3. Mechanical, electrical, and plumbing (MEP)

Mechanical: Labs often require single-pass air for code and safety purposes. Airflow controls should be evaluated and considered for improved airflow performance and energy savings for each tenant, especially tenants with more than six chemical fume hoods. A 1.75-2.0 CFM/USF HVAC system is desirable for standard labs. Labs often install a new web-based Direct Digital Control (DDC) system with graphical interfaces and centralized panels with digital thermostats.  
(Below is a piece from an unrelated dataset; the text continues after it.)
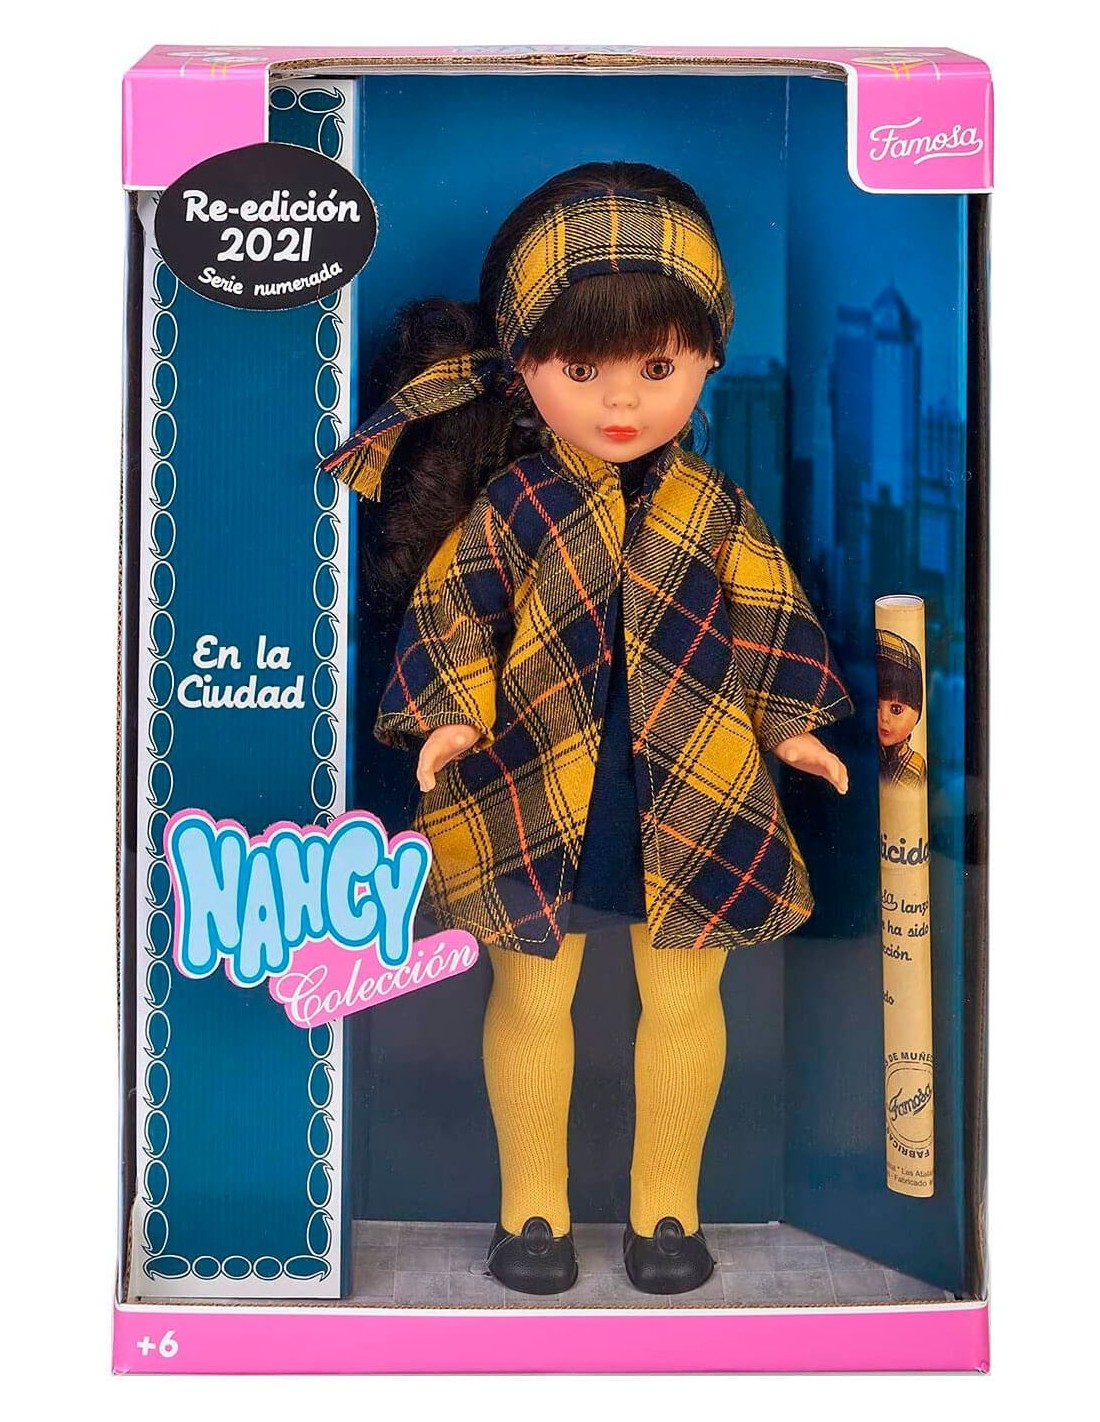 Nancy Colección En la Ciudad Diversal.es - Tienda de muñecas, juguetes disfraces

Plumbing: There are two types of systems for lab tenants: portal and industrial. Each tenant will have one potable water connection from the building’s cold-water distribution piping with a potable water submeter. Industrial water would later be separated from the potable water after the passage of a submeter via a backflow preventer.

Electrical: Labs require a minimum of 30 to 35 watts/SF. The installation of interior LED light fixtures is recommended for the core and shell areas and restrooms. The LED strip light is a common lighting design practice for equipment rooms.

In brief, the article draws on three distinctive architectural value creation aspects and corresponding elements in achieving the desirable outcome in office-lab conversion. Meanwhile, we should never underestimate other decisive elements that are contributing to conversion viability and success. Other elements include but are not limited to owner circumstance, risk appetite, access to capital structure, existing office tenant’s condition, potential life science tenant’s situation, market headwind and tailwind, and the opportunity cost of prospective conversion formats and associated revenue stream and volatility.